Предали? Дед думал. Дед вспоминал. Вдруг явственно видел, как в пронизывающем тумане, замутненные кокаином глаза адмирала, именем которого много лет вдоль всей железной дороги от Омска до Владивостока цепных псов кликали Колчаками. Видел трупы, там и тут вмерзшие в снег, а над ними тяжелые броневые поезда и догорающие в ледяных тупиках отцепленные от составов вагоны-теплушки с тифозными больными.
«Знаете, Милую Химеру предали».
Так она думала. Так считала. Вот ведь давно уже нету больше Александра Васильевича, а Дед, бывший вице-директор Русского бюро печати, ярый пропагандист, полковник, несомненно, враг нынешней власти, сидит перед нею, перед Колчаковной, перед Анной Васильевной Тимирёвой — плотный, кустистые брови, палка в руке, набалдашник из слоновой кости в резных иероглифах.
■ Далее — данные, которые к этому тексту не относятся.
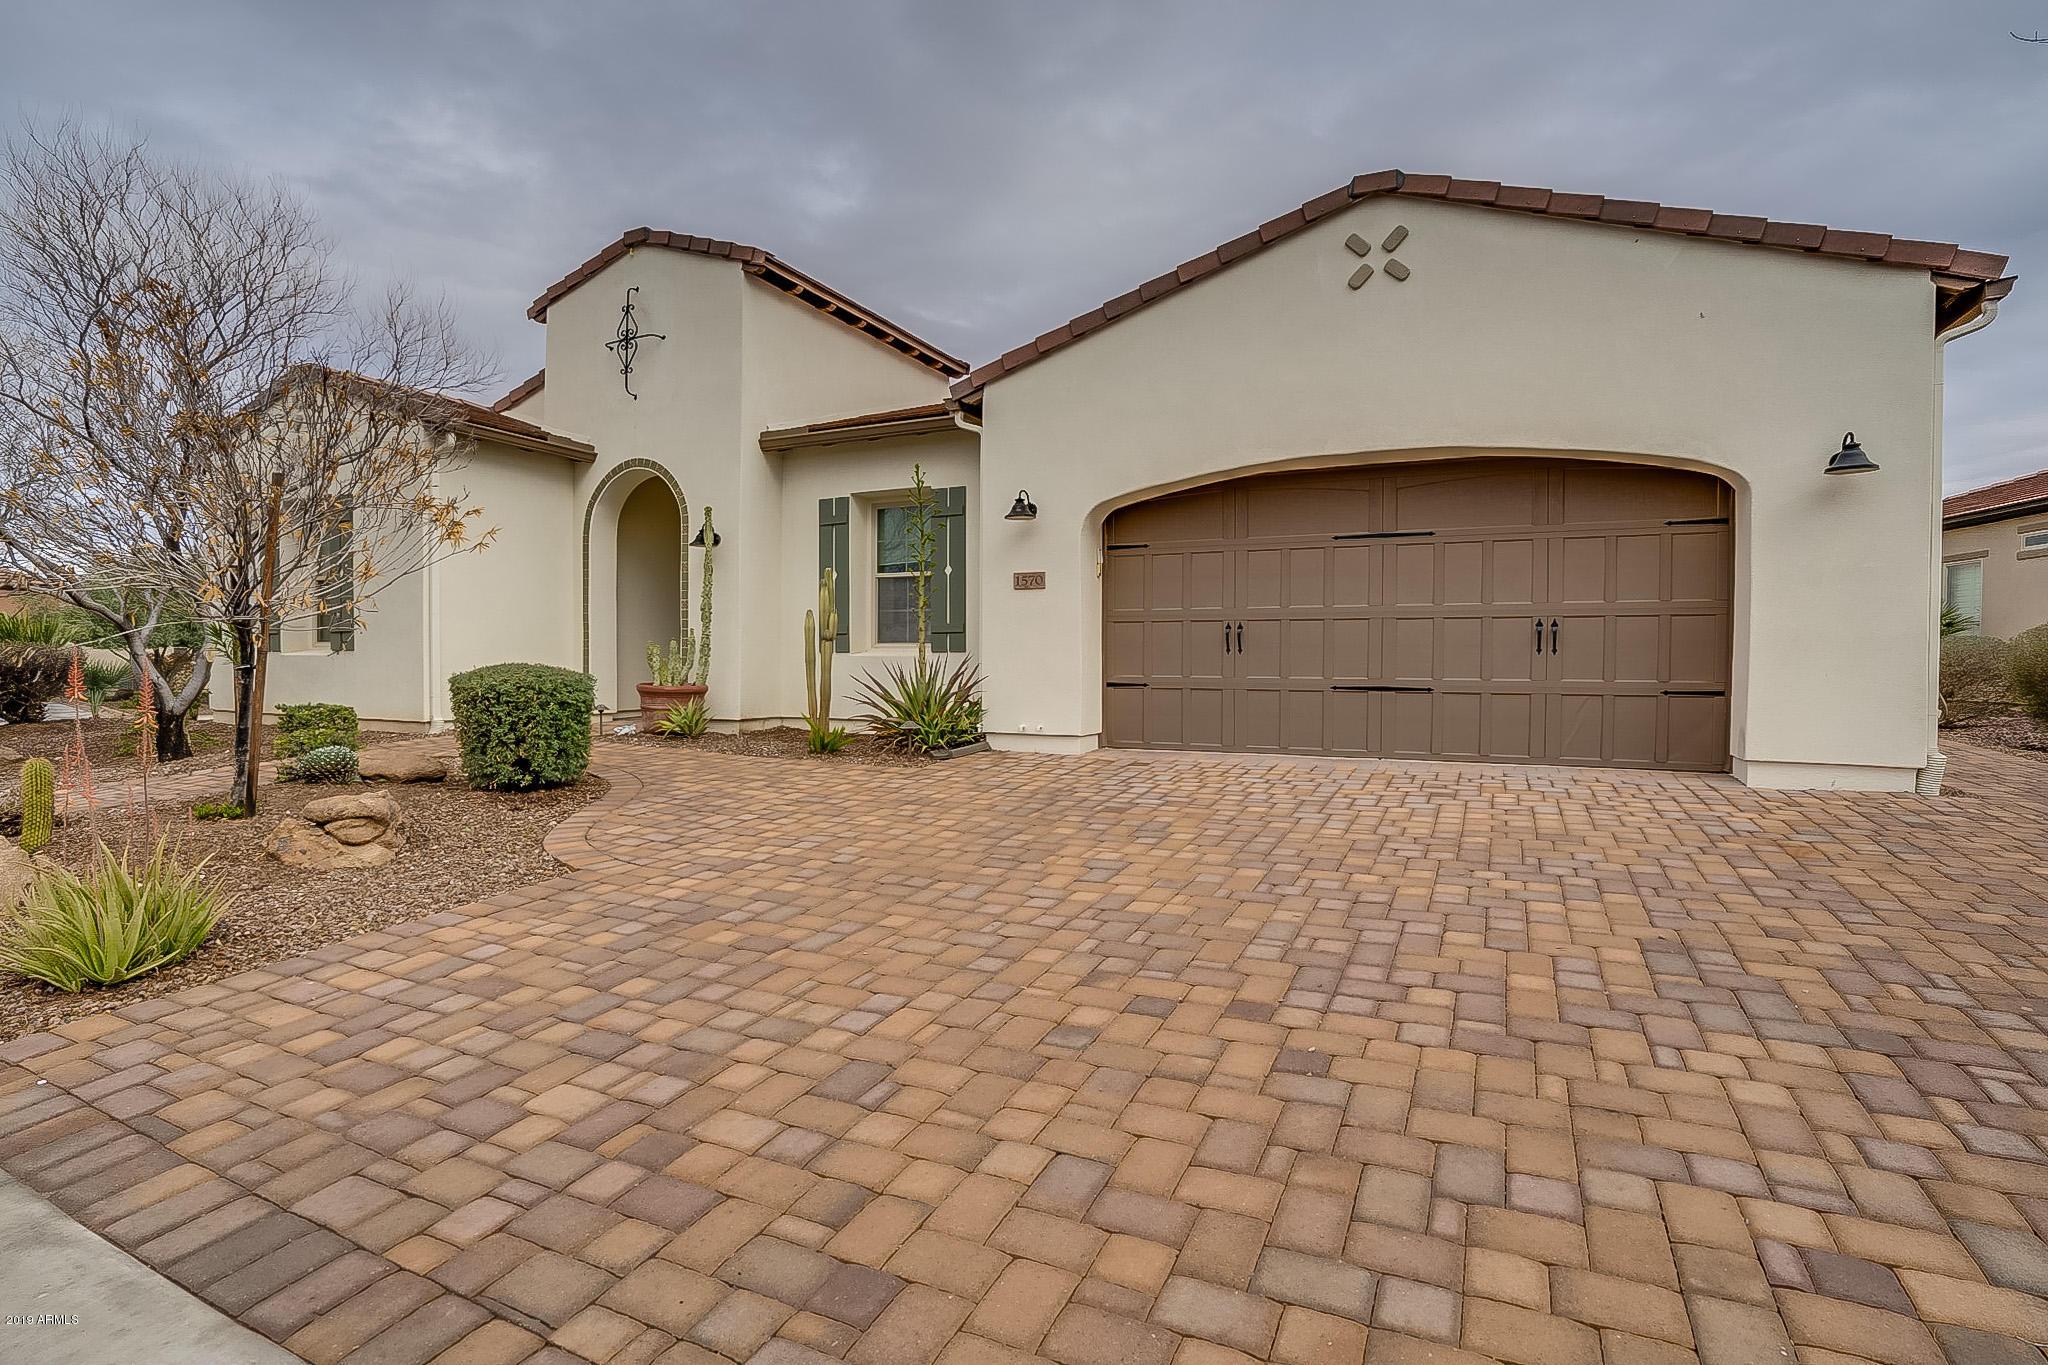 Photo of 1570 E Sattoo Way, San Tan Valley, AZ 85140

Одет добротно, глаза от стыда не выцвели, алкоголь их не замутнил, пуля не тронула, видно, что и в советской Москве найдется куда пойти.
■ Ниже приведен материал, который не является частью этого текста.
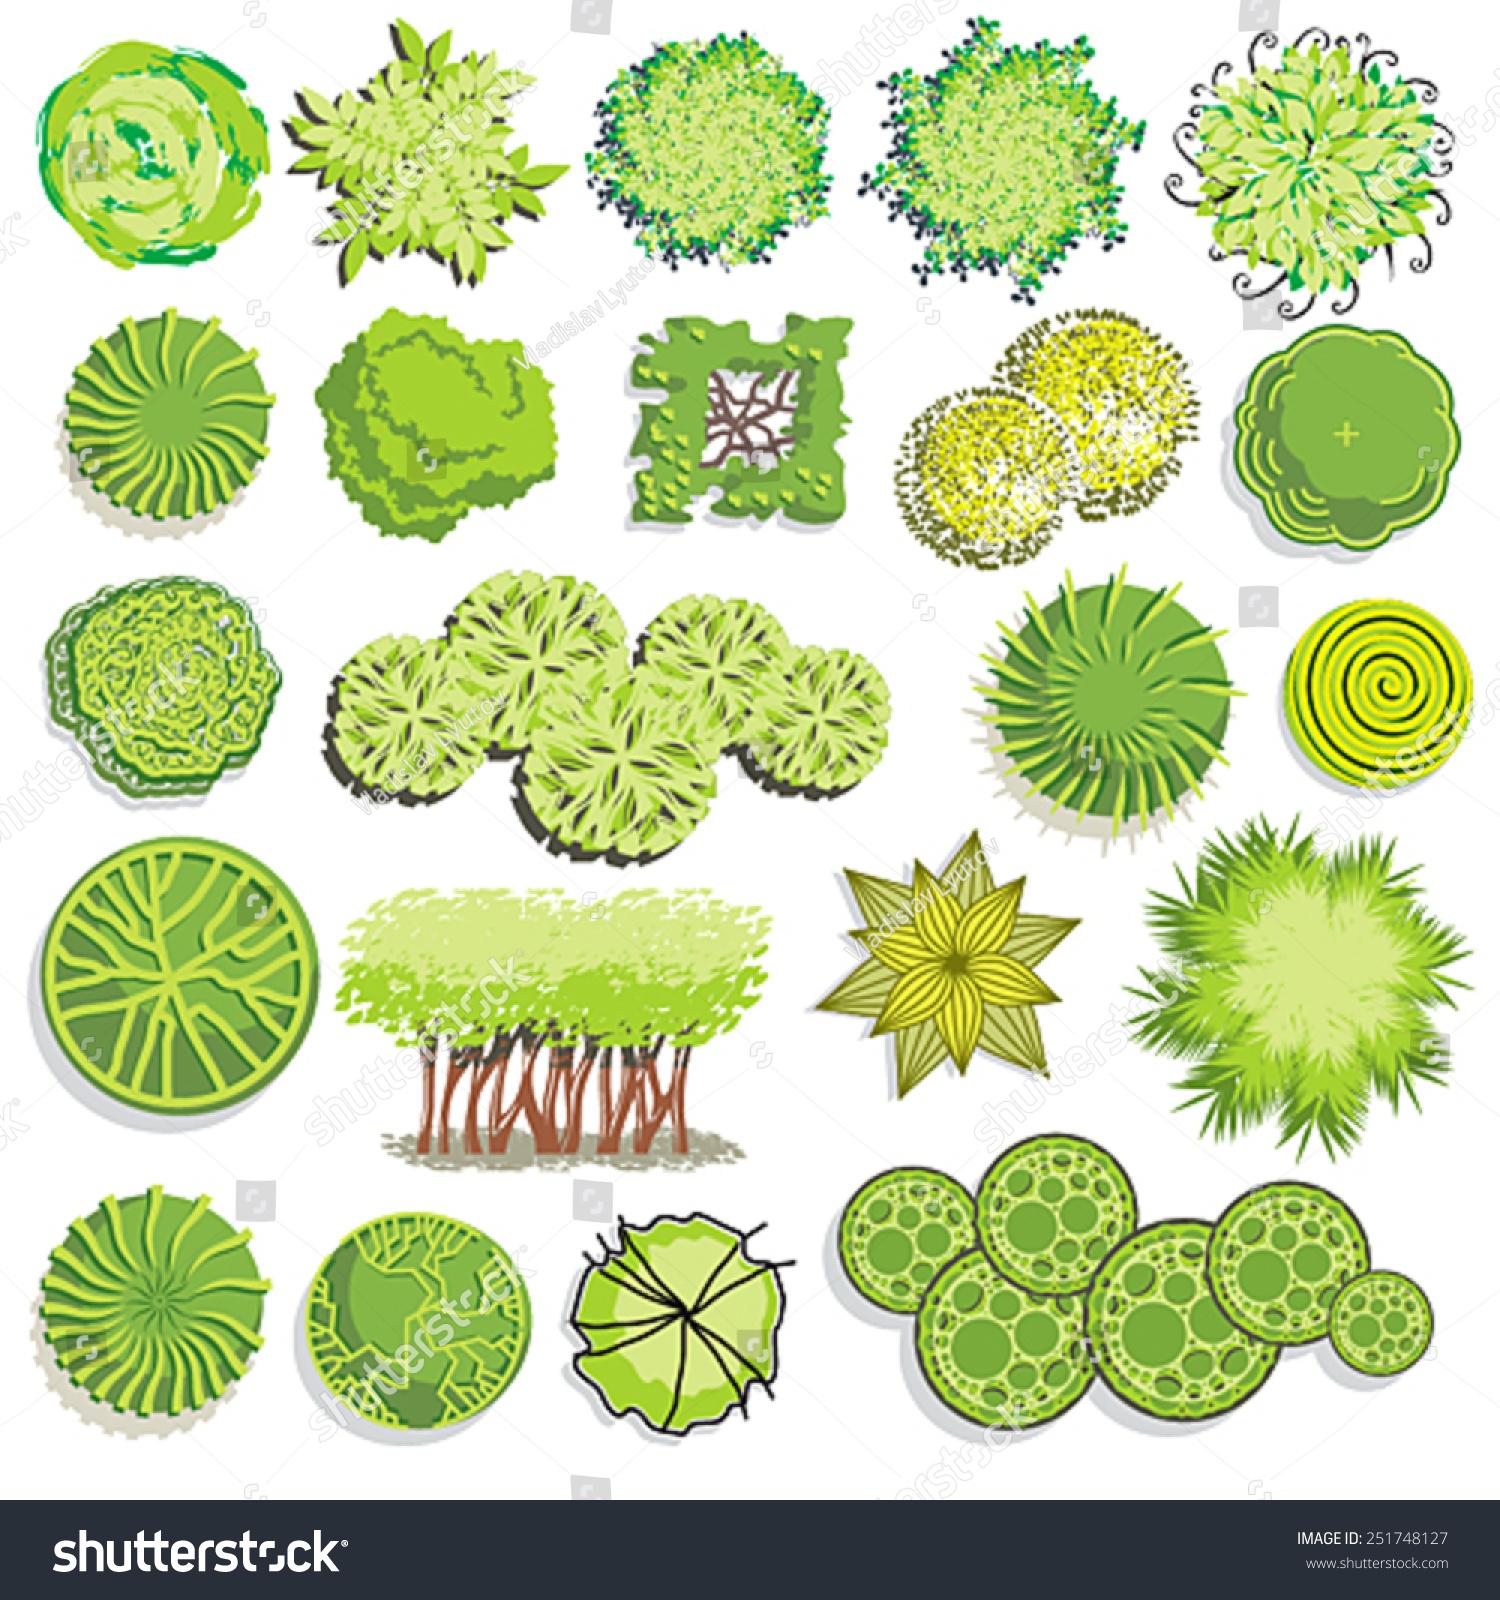 Landscape shrub symbols 875685 for Top view design

Смотрела и не понимала: как так?
Милой Химеры нет, генералов, оспаривавших будущее, нет, давно затерялся в пространствах веселый поручик Щелкун, а бывший пропагандист, бывший полковник в добротном костюме, с резной палкой, с авторучкой в кармашке, почему не замерз на смертельном льду Байкала, не расстрелян в поле под Красноярском, не истлел на харбинском кладбище? Как это так? За любой из его плакатов большевики должны были сгноить его в лагерях.
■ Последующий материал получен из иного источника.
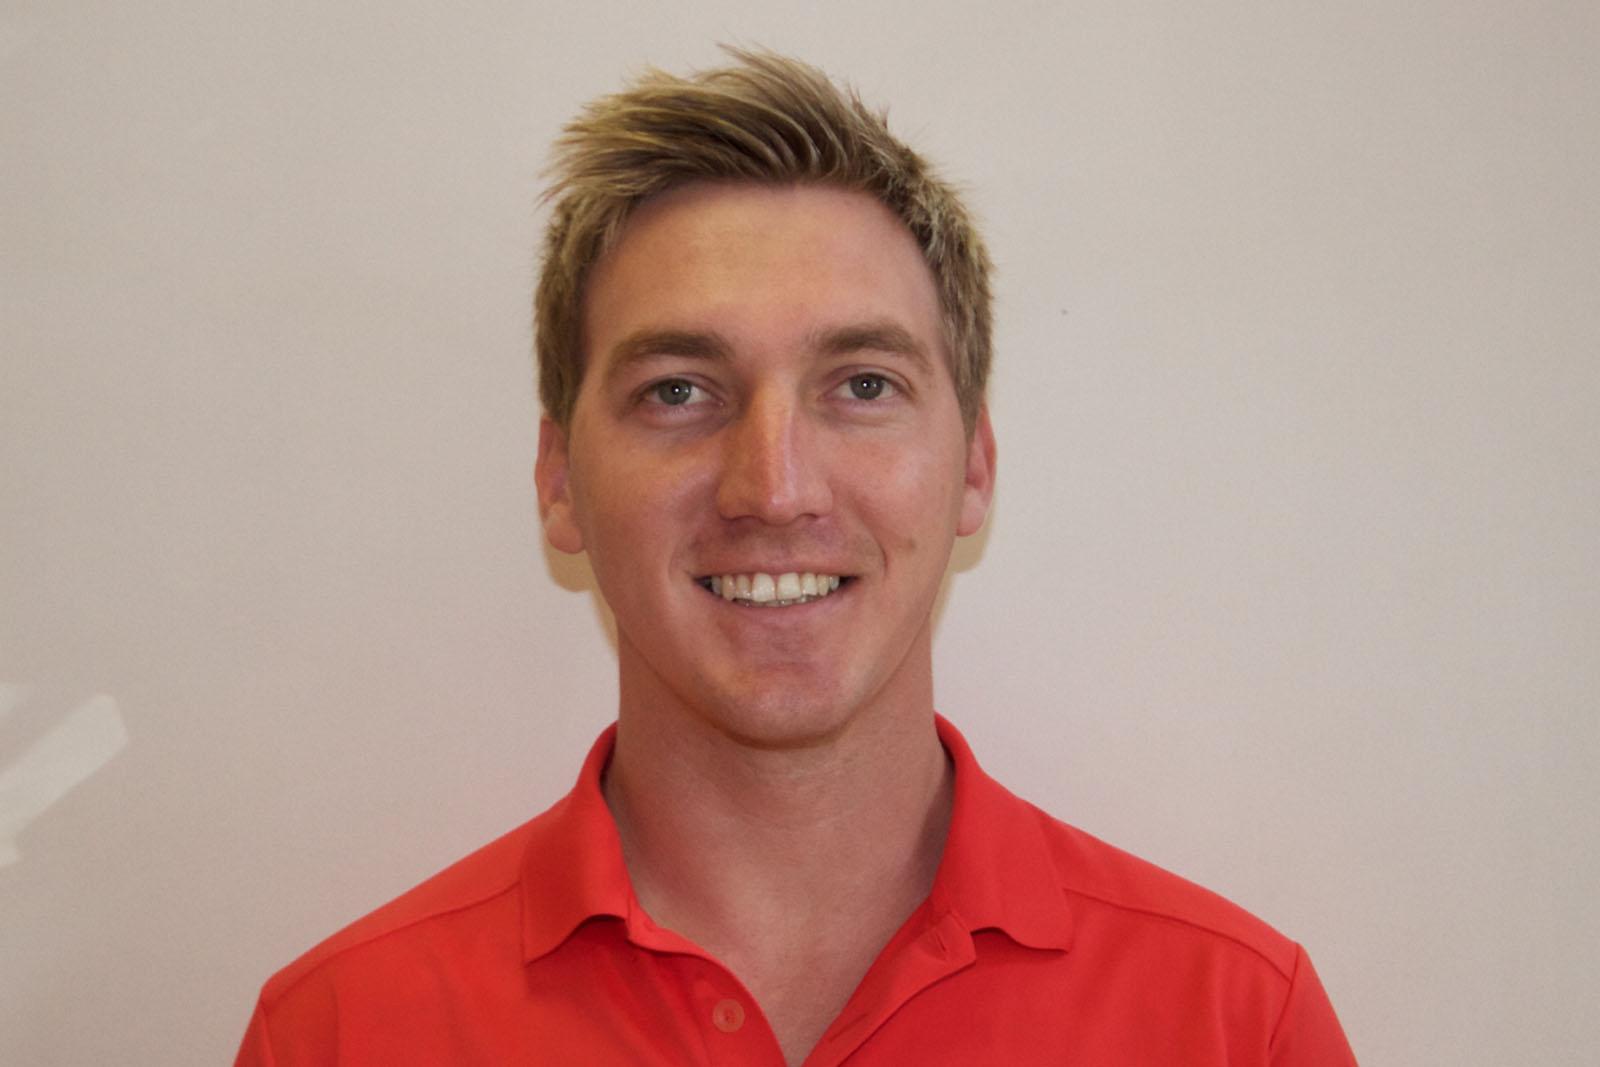 Christo du Plessis

«Из всего обещанного вам большевики дали:
мир — такую войну, какая никому не снилась,
хлеб — картофельную шелуху, мякину, конину, говядину с сапом,
волю — тюрьму да виселицу, расстрелы без суда и повсеместный грабеж,
землю — по три аршина на человека в вечное владение, ложись в нее и владей,
фабрики и заводы — безработицу, голод, холод, комиссарский кулак под нос да пару мадьяр или китайцев по бокам».
Разве не ярились большевики, читая такое?
Так почему он в Москве? И почему глаза светятся?
«Знаете, — сказала негромко, — у меня хорошая память».
В сорок девятом умудрилась запомнить целый лист из своего дела, небрежно (случайно) раскрытого на столе следователем. Щурилась, моргала, показывала, как плохо видит. Следователь, может, и не верил, да ведь, с другой стороны, на кой хрен скрывать что-то от этой, считай, уже неживой бабы? Ну, подстилка адмиральская. Со дней Екклесиаста известно: во дни благополучия пользуйся благом, а во дни несчастья размышляй.
«На правой ноге шрам от операции».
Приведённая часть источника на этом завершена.